Without including any pictures, copy every line below exactly.

» RECORDED DATA:
++++++++++++++++++++

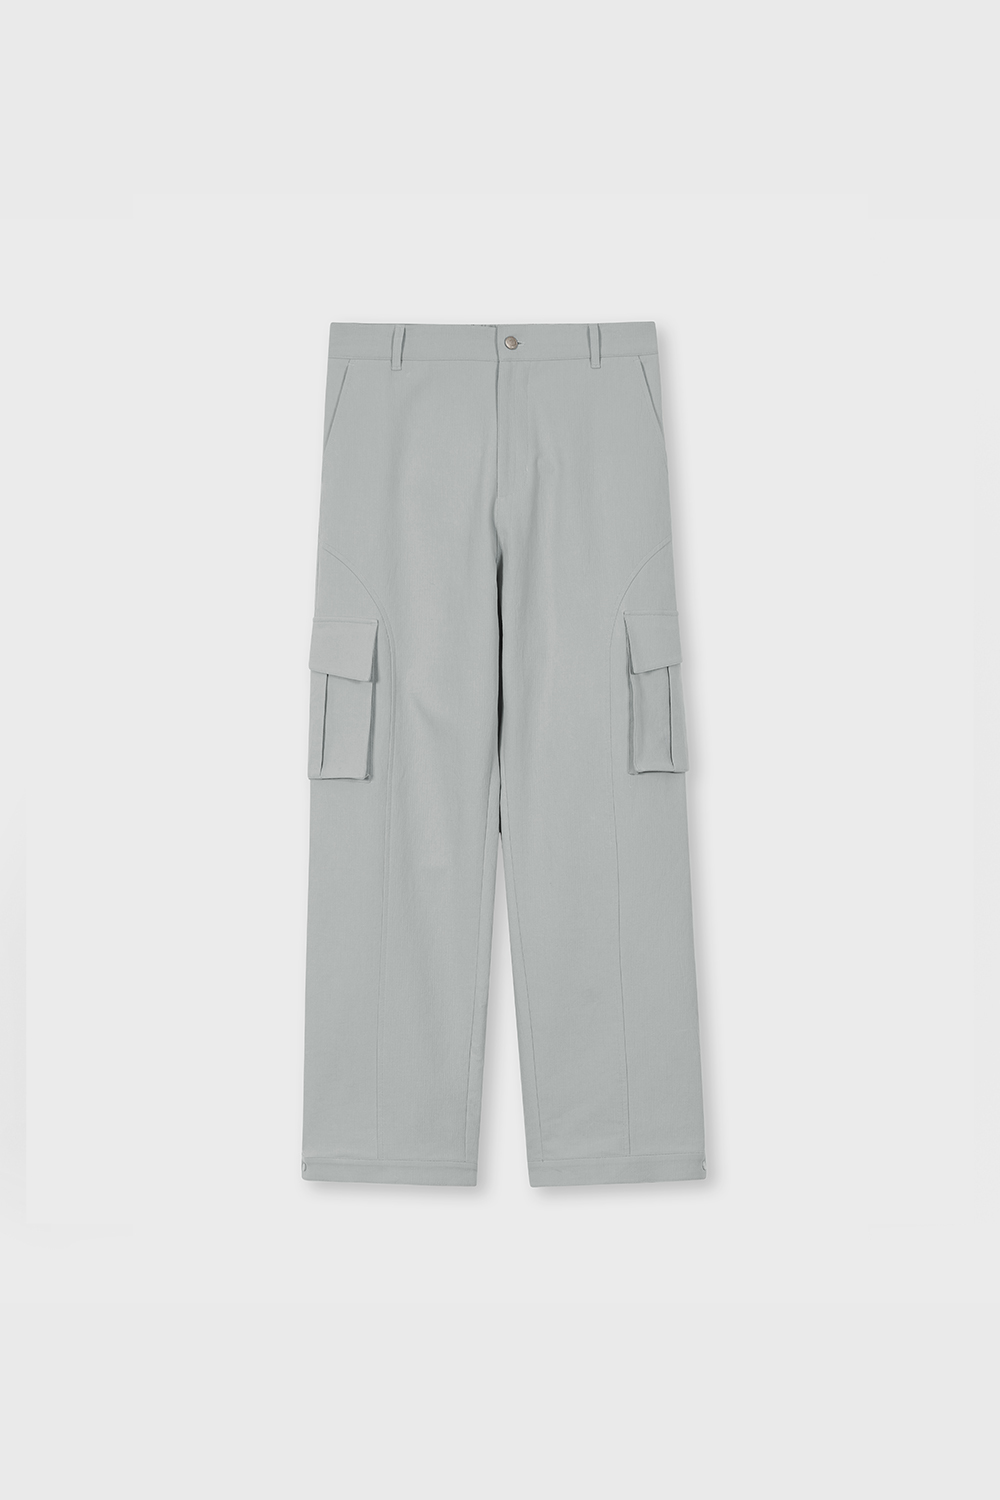 Parabola Line Cargo Pants (Ash Grey)
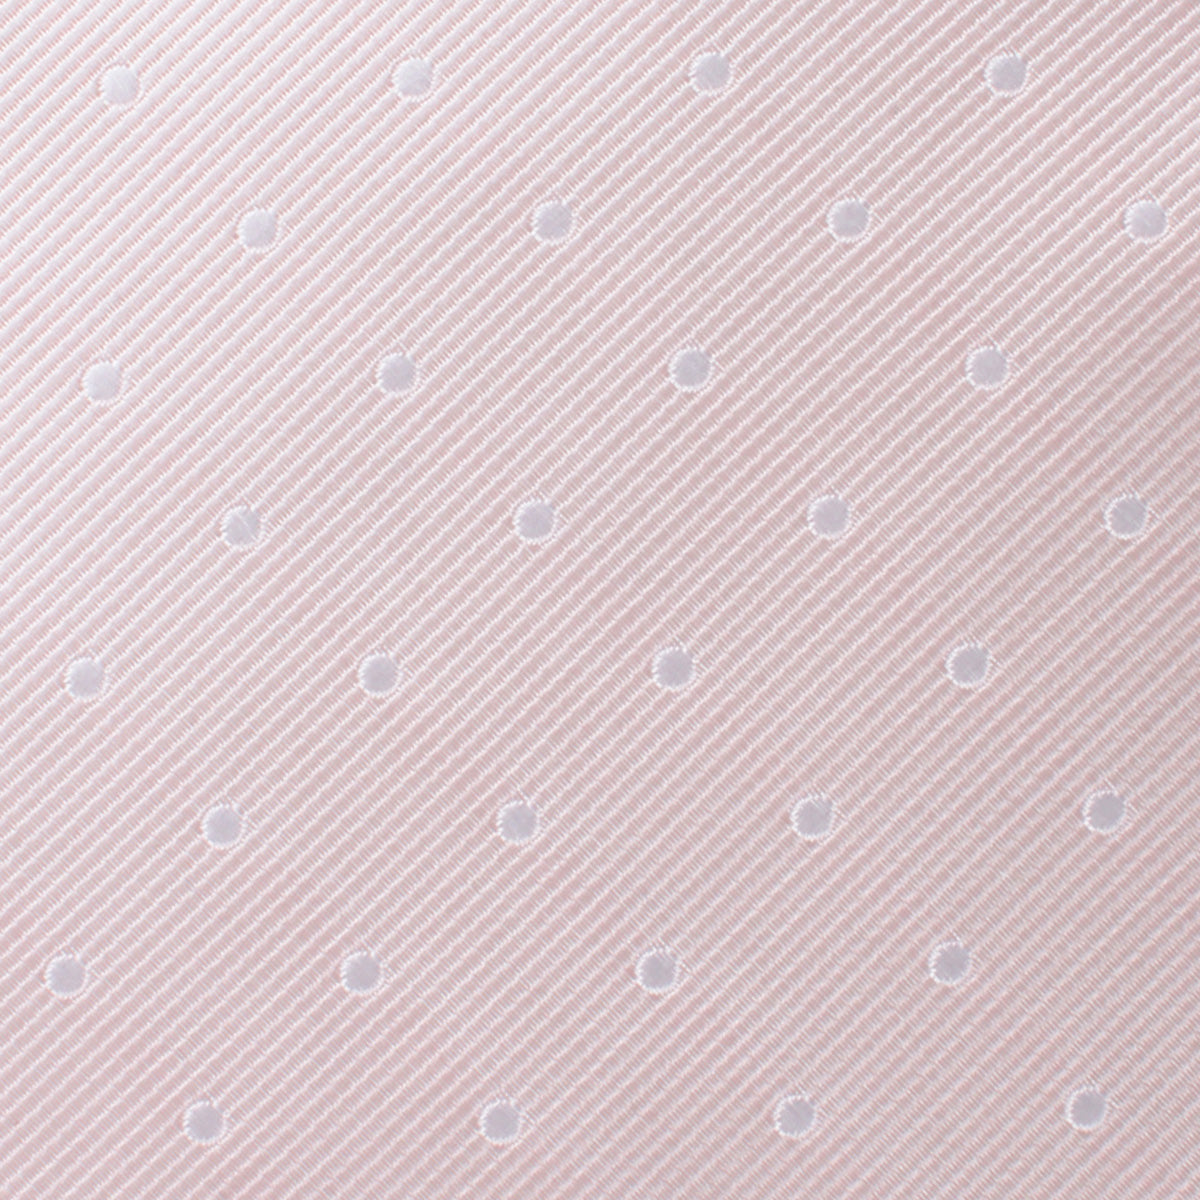 Nude Pink Polka Dots Pocket Square Fabric
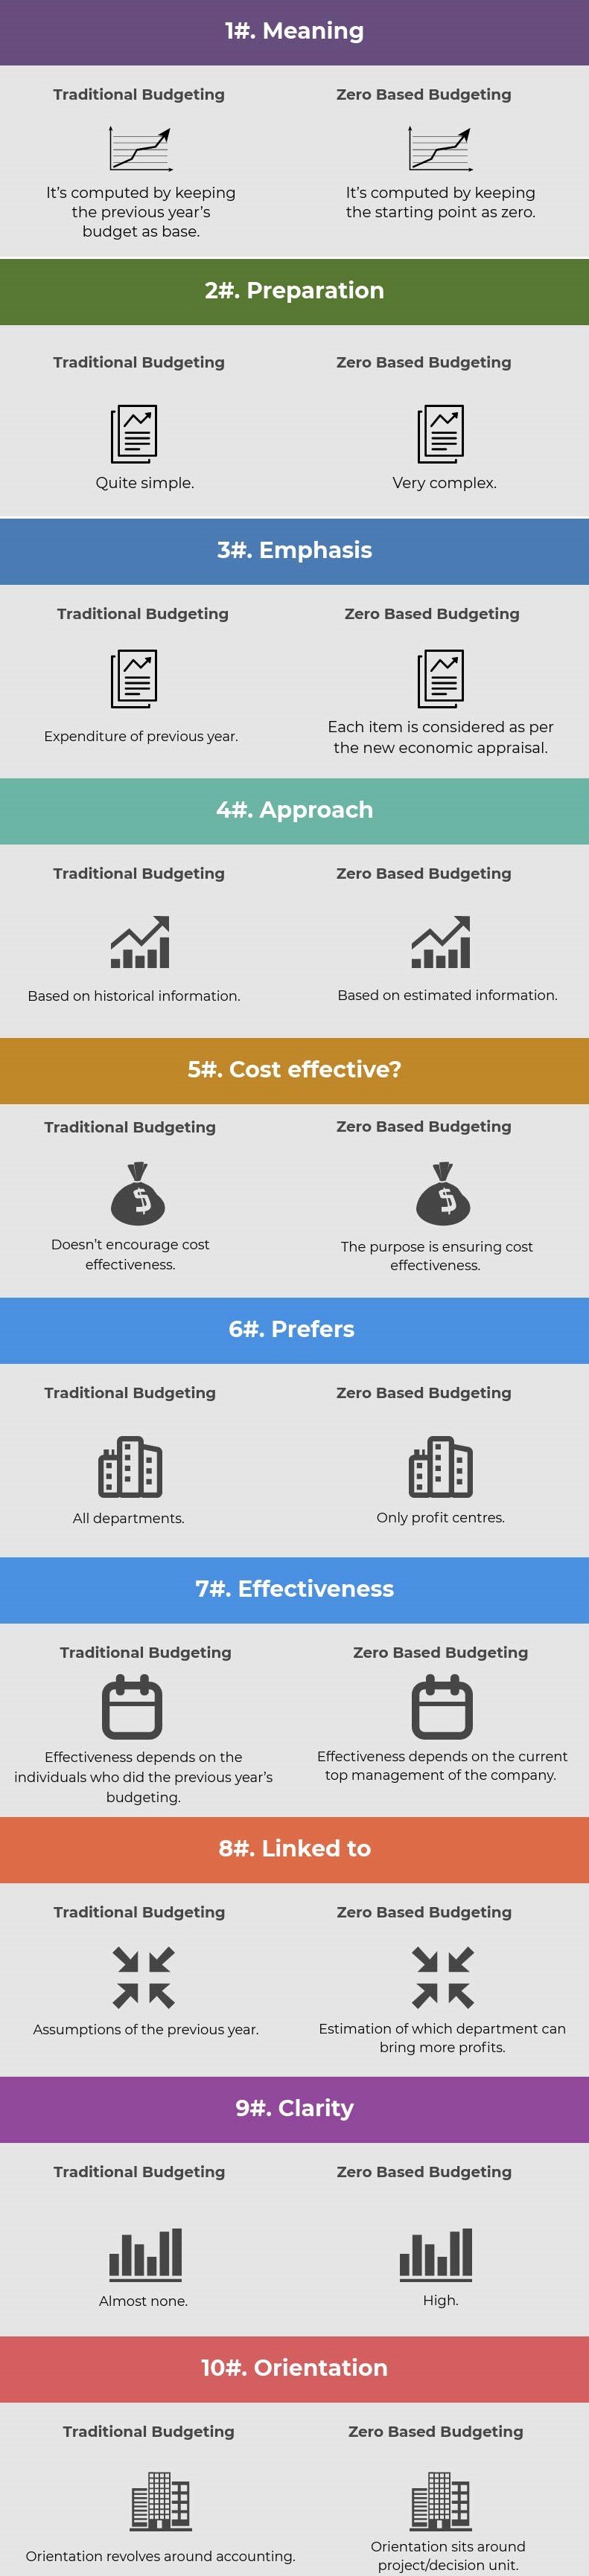 Traditional-budgeting-vs-Zero-based-budgeting
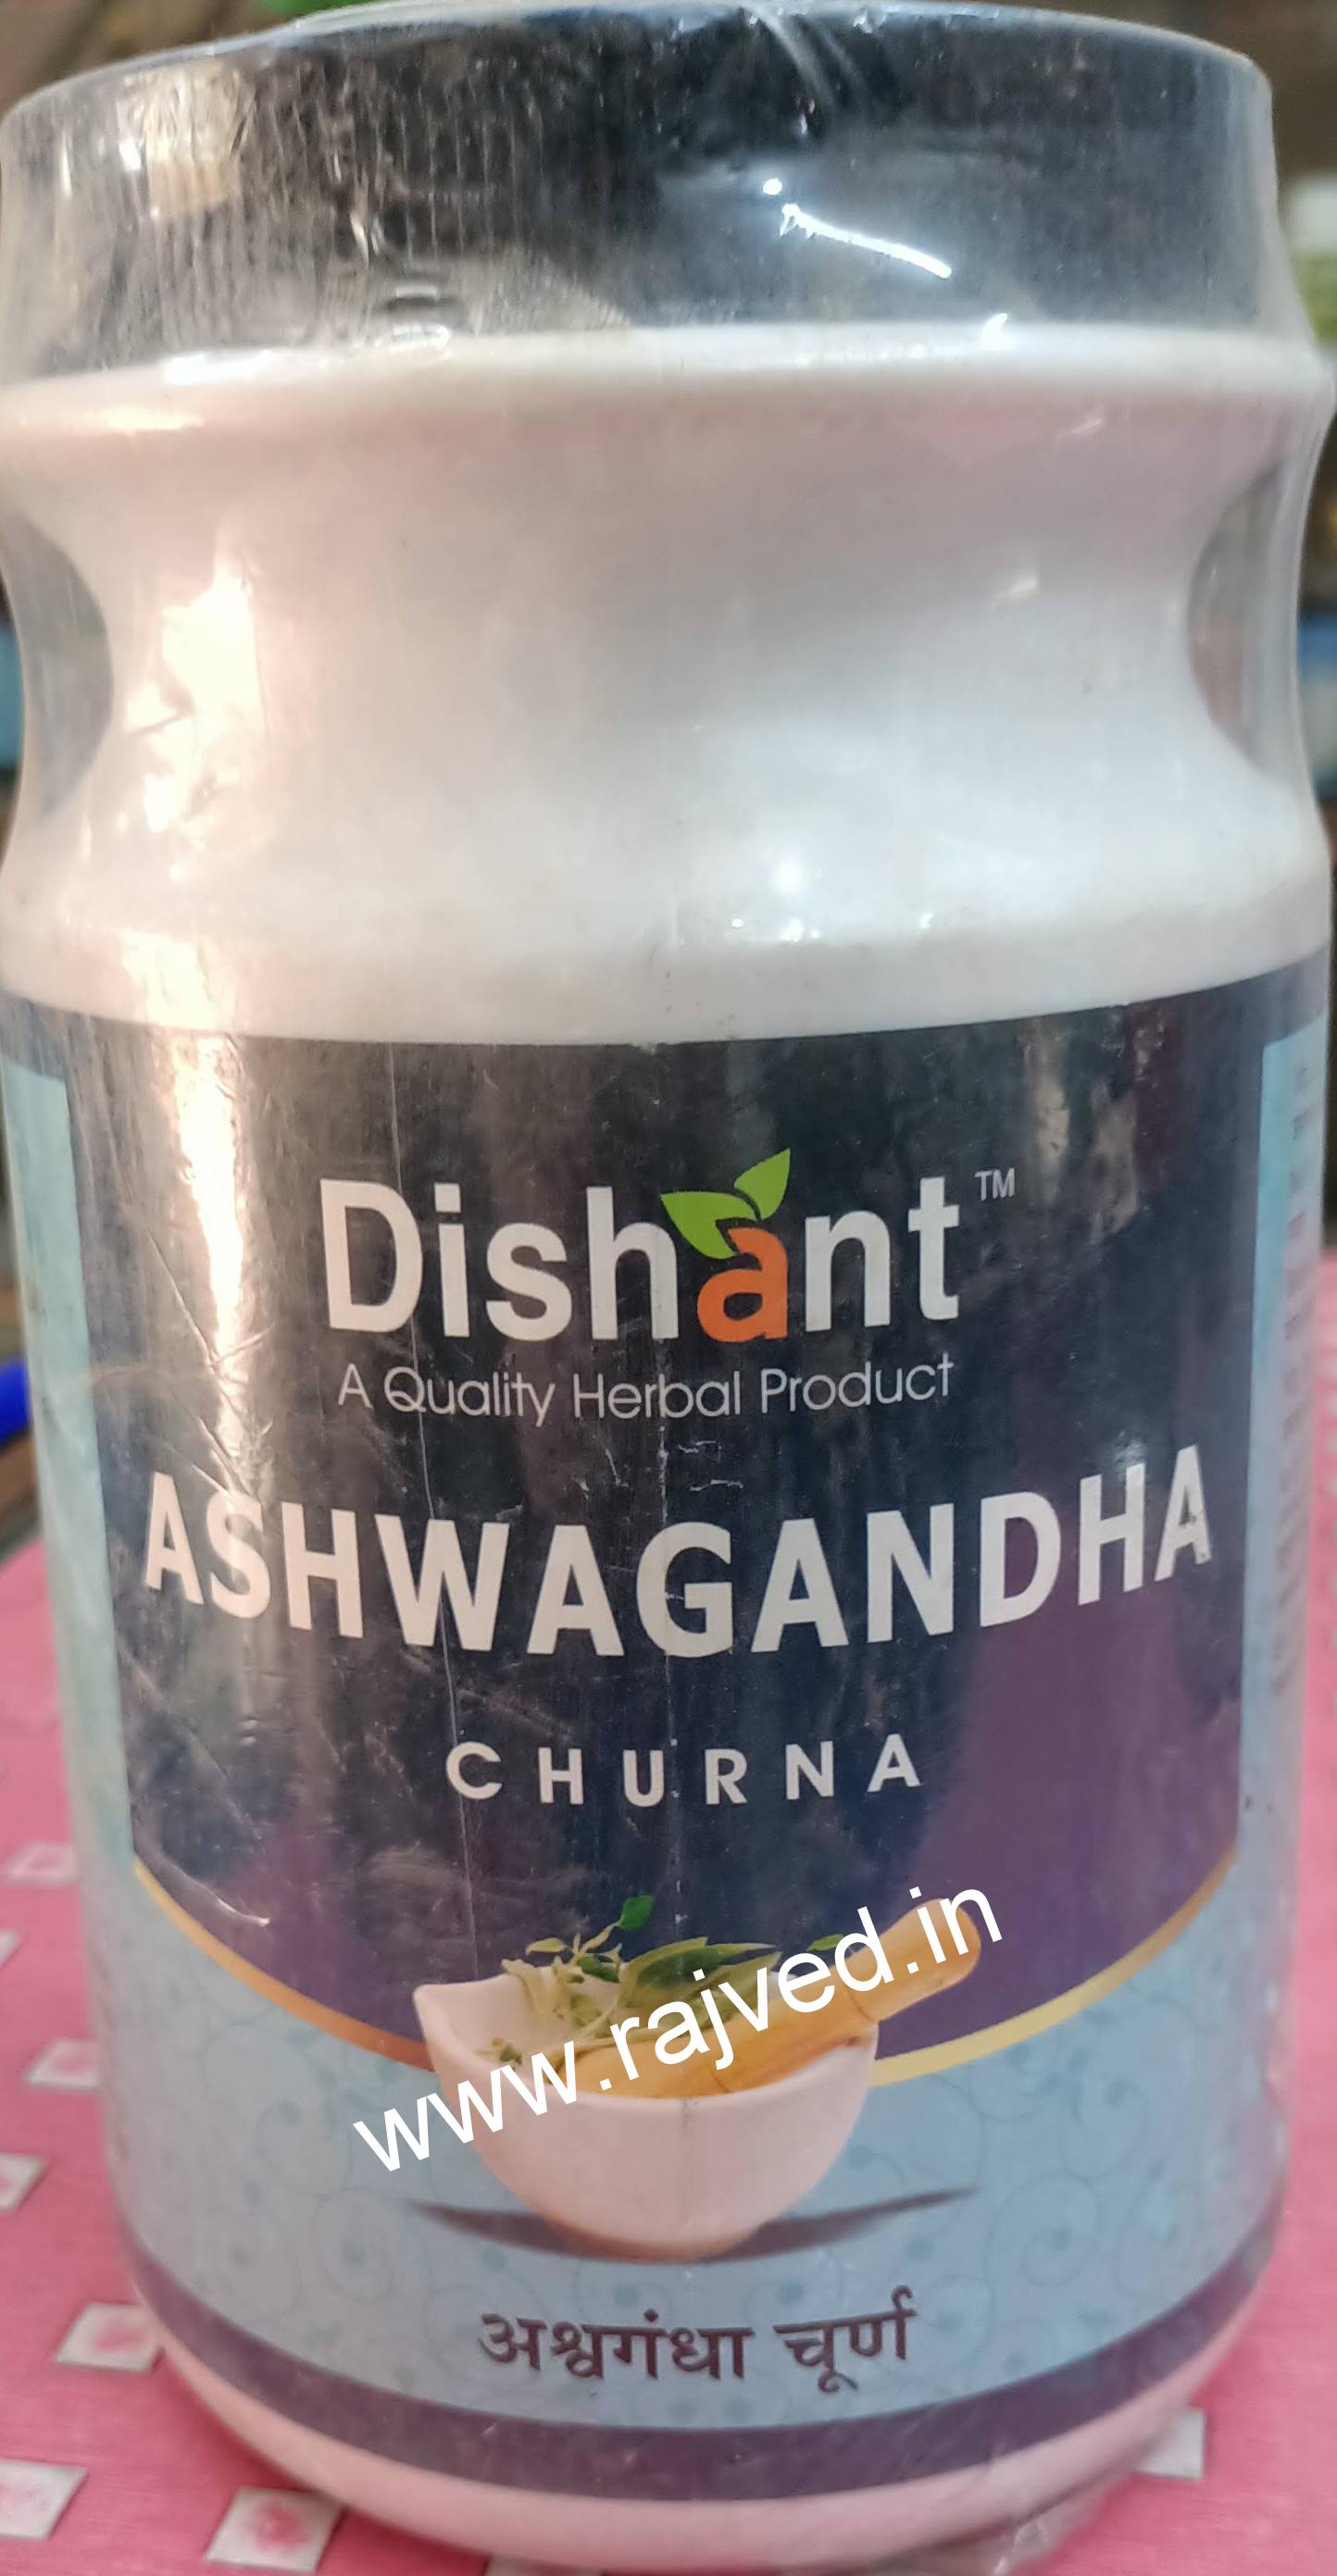 ashwagandha churna 500 gm upto 20% off dishant ayurvedic suppliers

++++++++++++++++++++

» WRITTEN ANSWER:
 Parabola Line Cargo Pants (Ash Grey)
 Nude Pink Polka Dots Pocket Square Fabric
 Traditional-budgeting-vs-Zero-based-budgeting
 ashwagandha churna 500 gm upto 20% off dishant ayurvedic suppliers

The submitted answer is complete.